> Dataset content
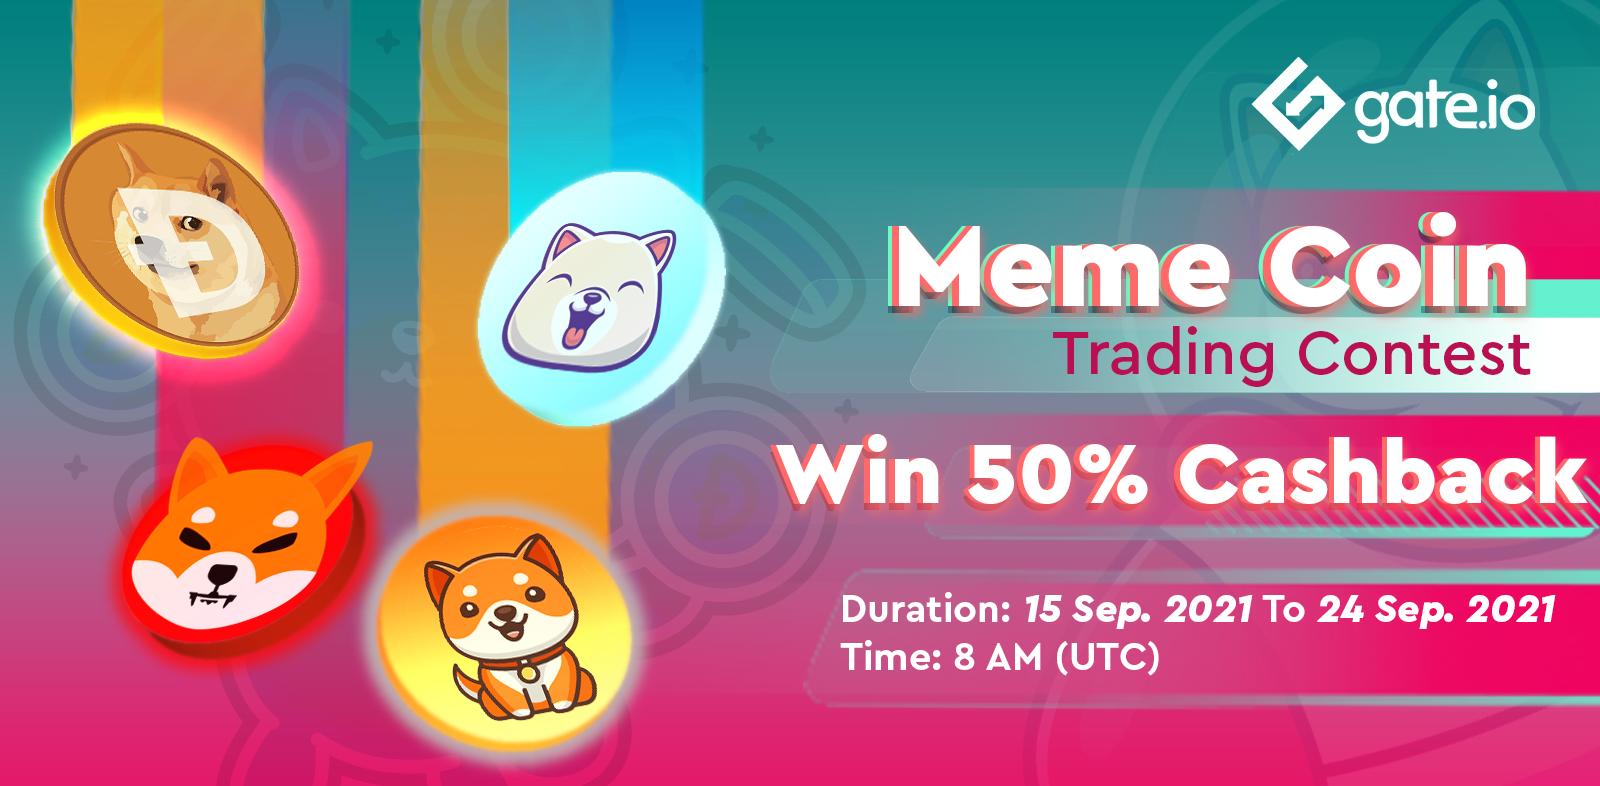 Gate.io Meme Coins Trading Contest | 50% Cashback | Gate.io
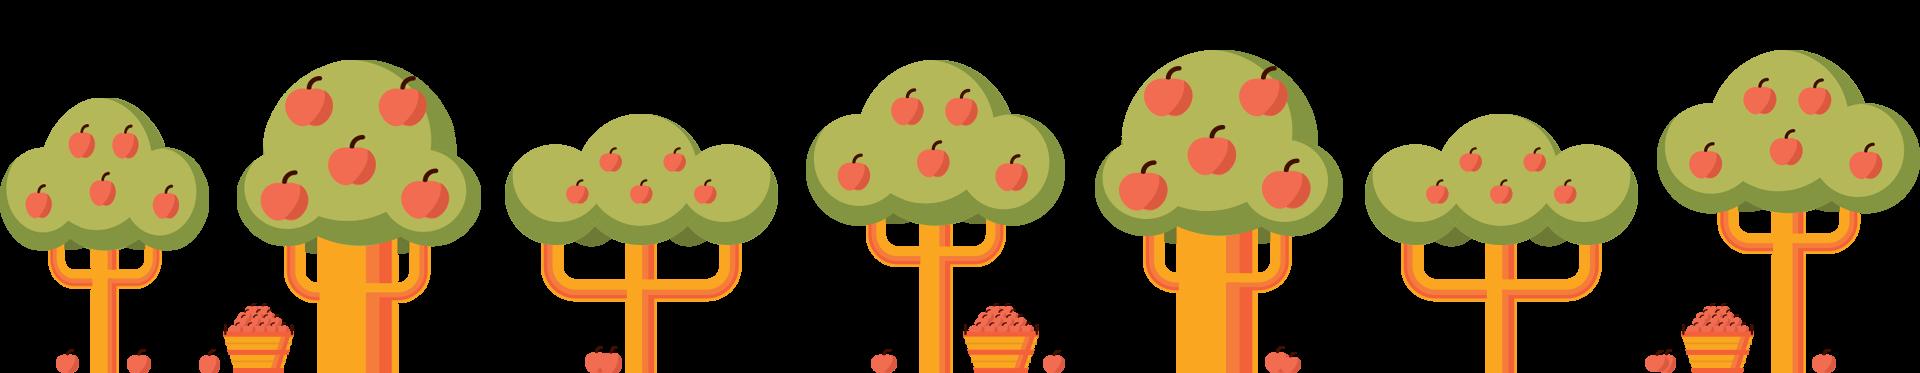 monetization APPLES trees4
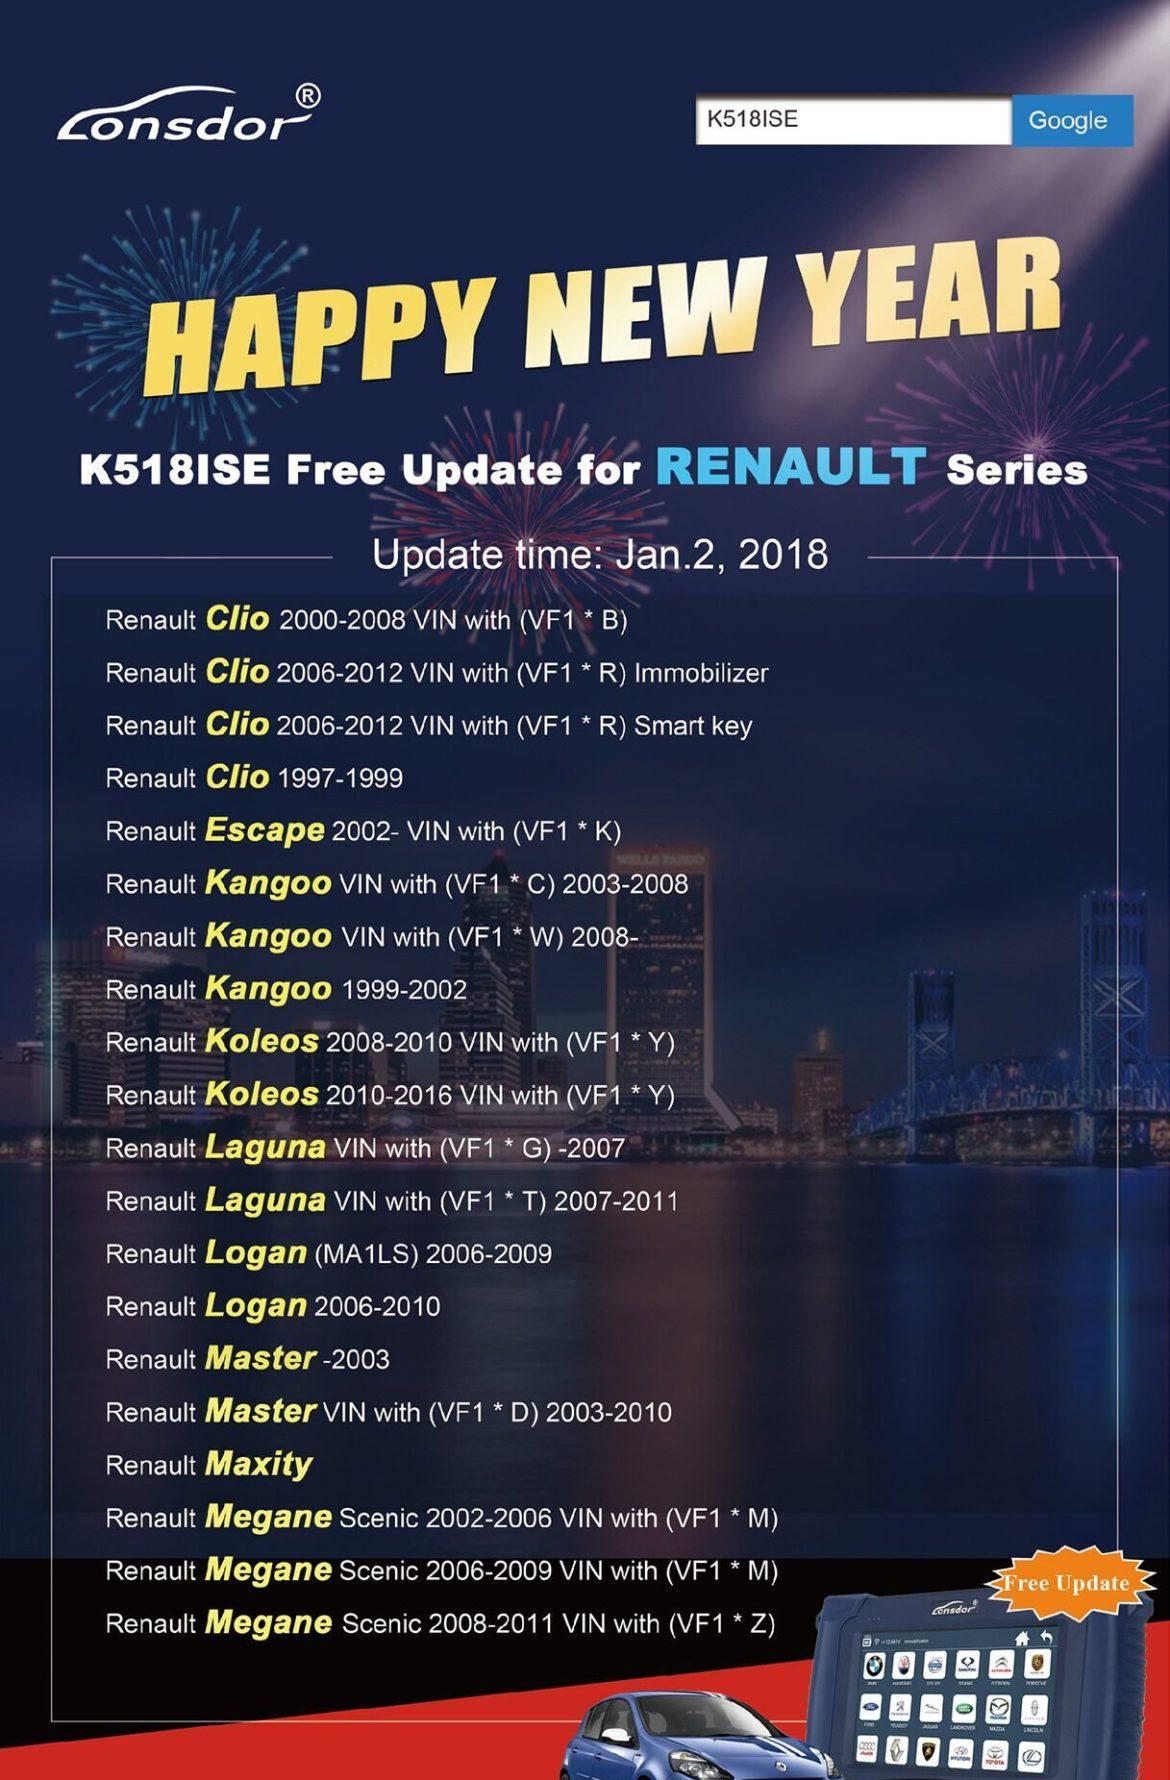 losndor-update-renault
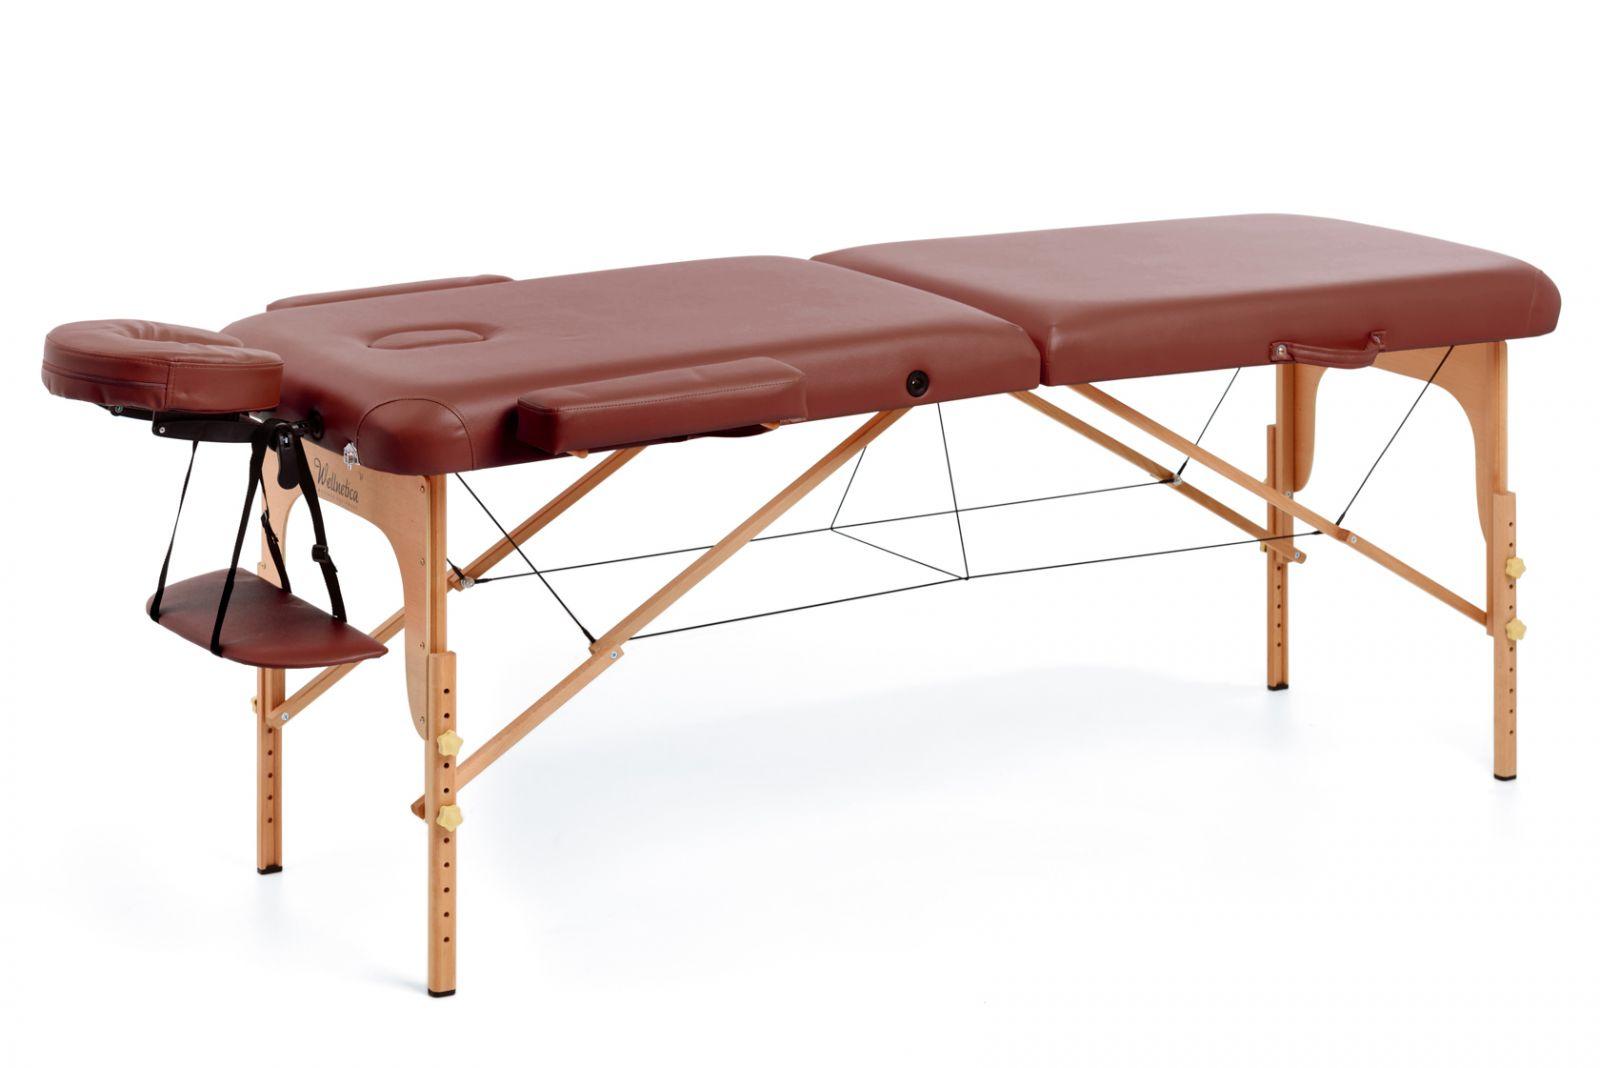 stol-za-masazu-libera-smeđa

> Prompt
Restate exactly the lines that start at the "monetization APPLES trees4" line and end with the last line of the material above, leaving out the pictures.

> Finished task
 monetization APPLES trees4
 losndor-update-renault
 stol-za-masazu-libera-smeđa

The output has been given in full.